The copy you give must match the listing below exactly and contain no pictures.
Dataset excerpt Start Marker
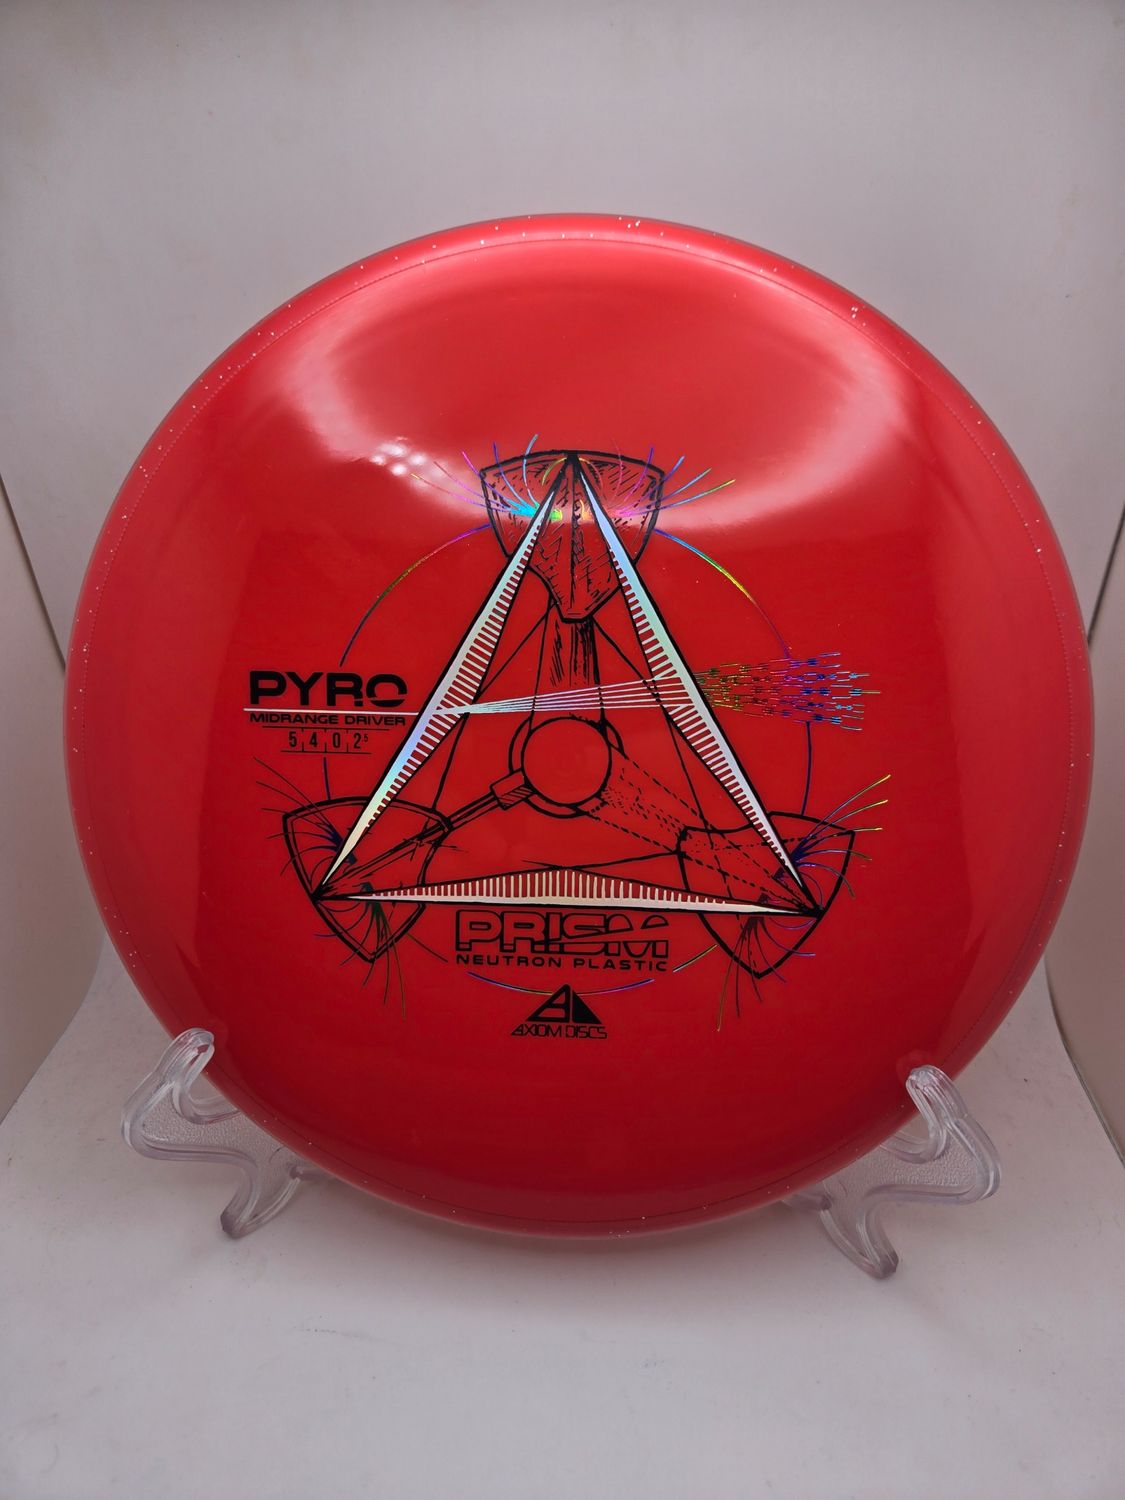 Axiom Discs Pyro Prism Neutron Plastic Red with Red sparkly rim 172g
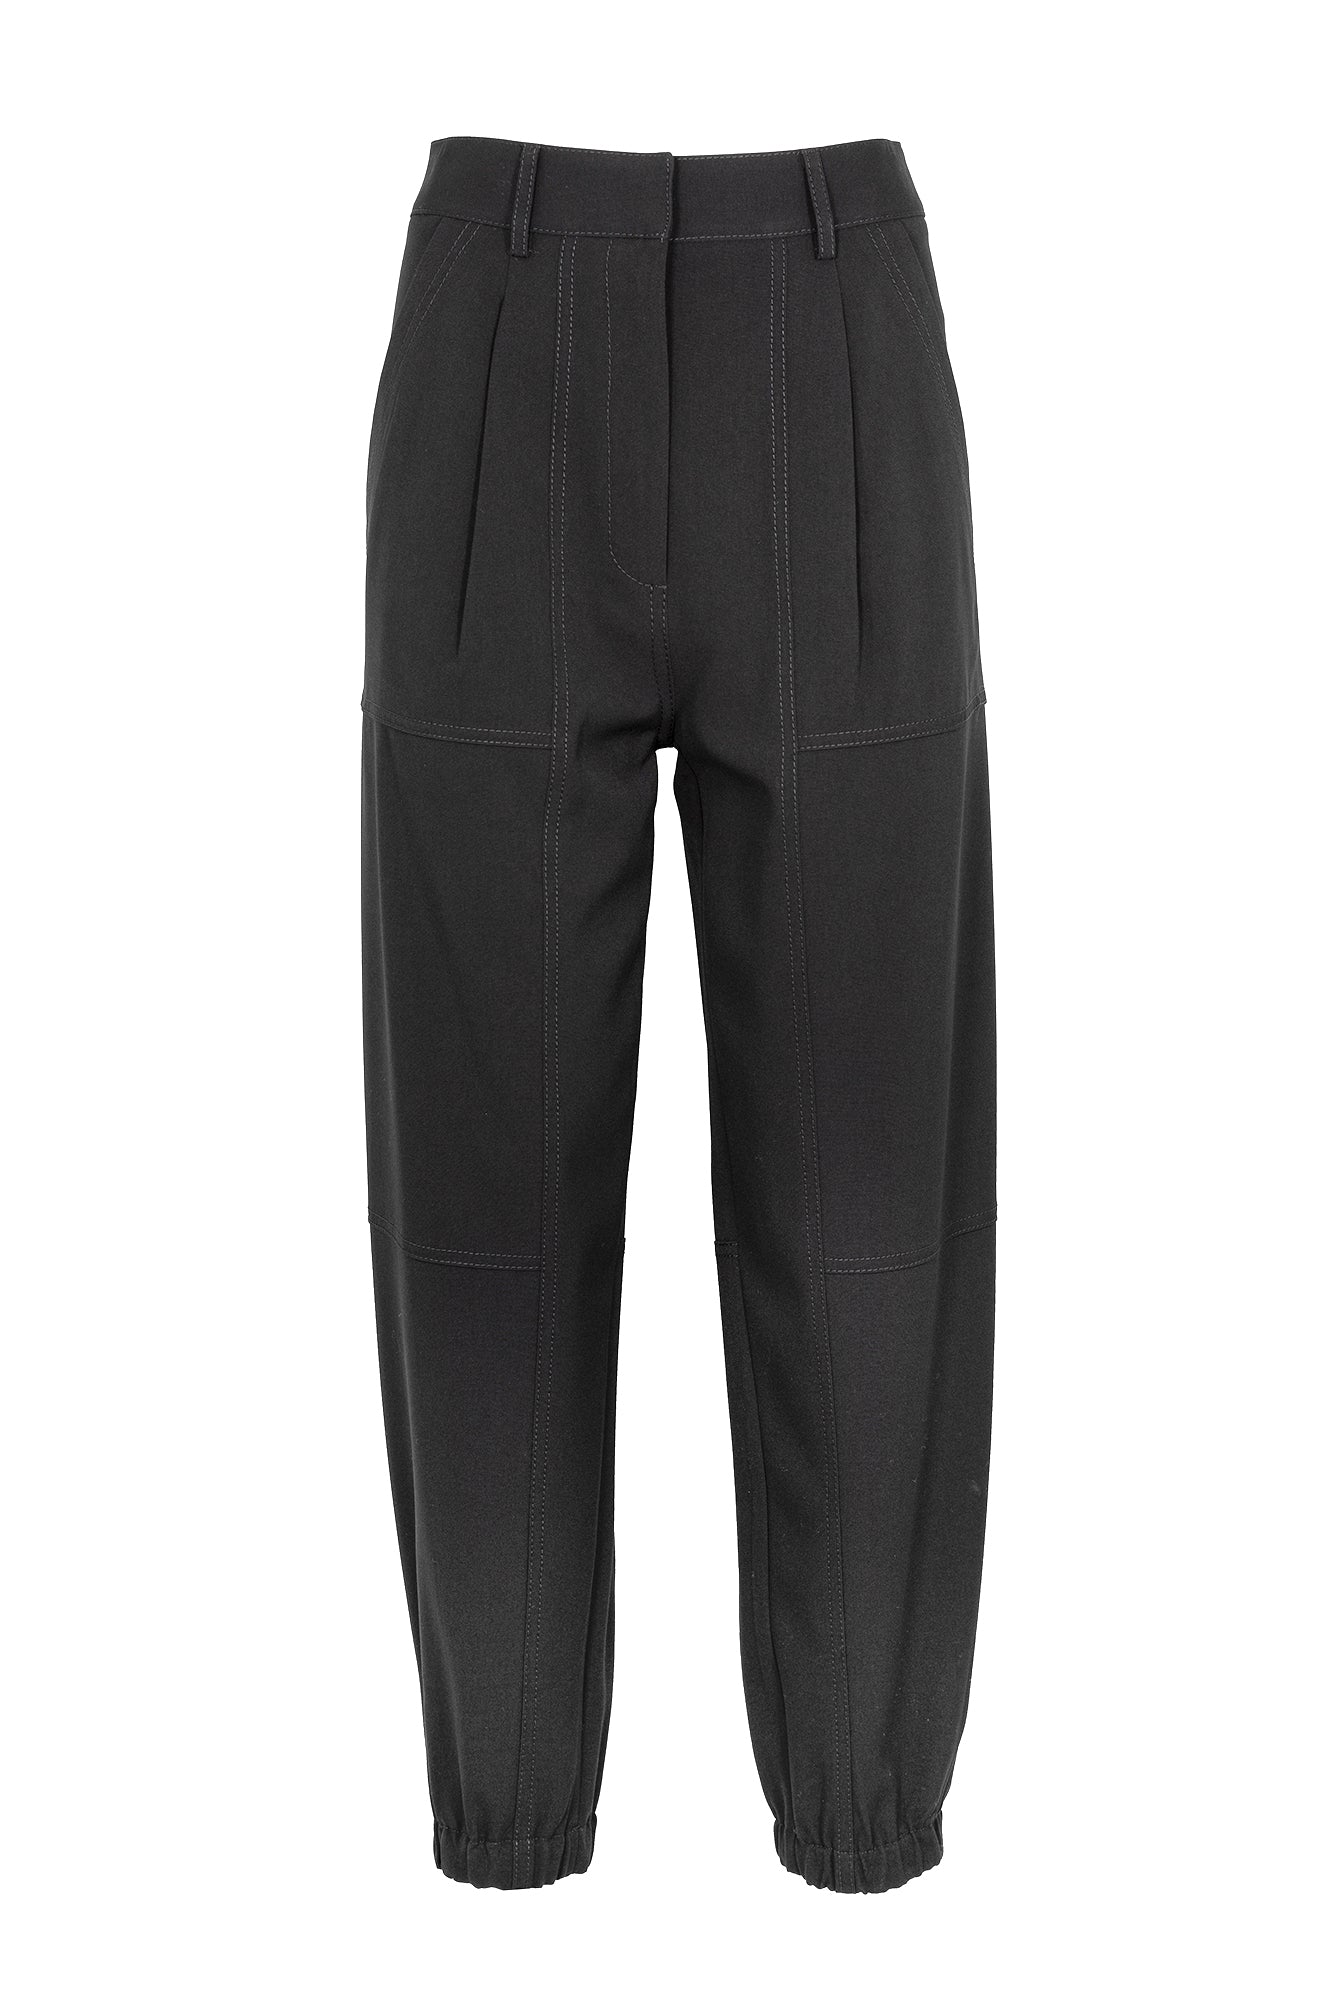 Black cargo trousers with cuff at hem
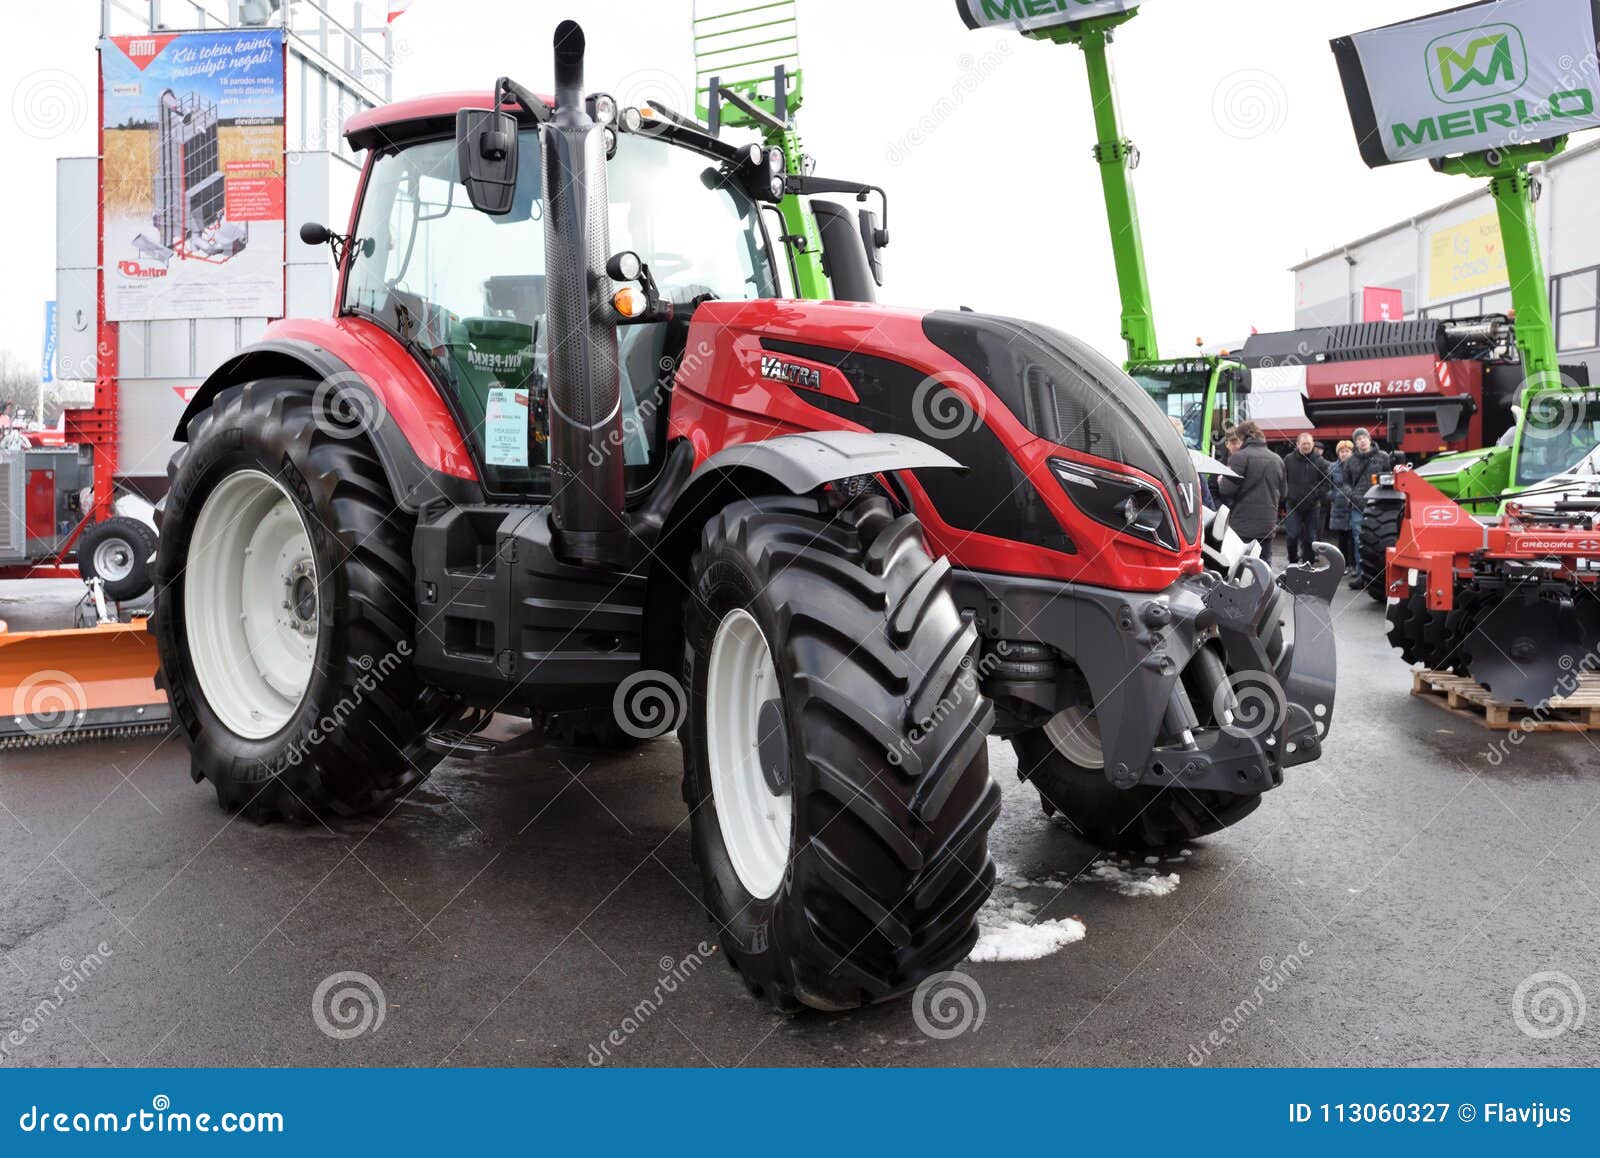 Valtra brand tractor photography. Image of farming - 113060327
Dataset excerpt End Marker
* **The answer**
 Axiom Discs Pyro Prism Neutron Plastic Red with Red sparkly rim 172g
 Black cargo trousers with cuff at hem
 Valtra brand tractor photography. Image of farming - 113060327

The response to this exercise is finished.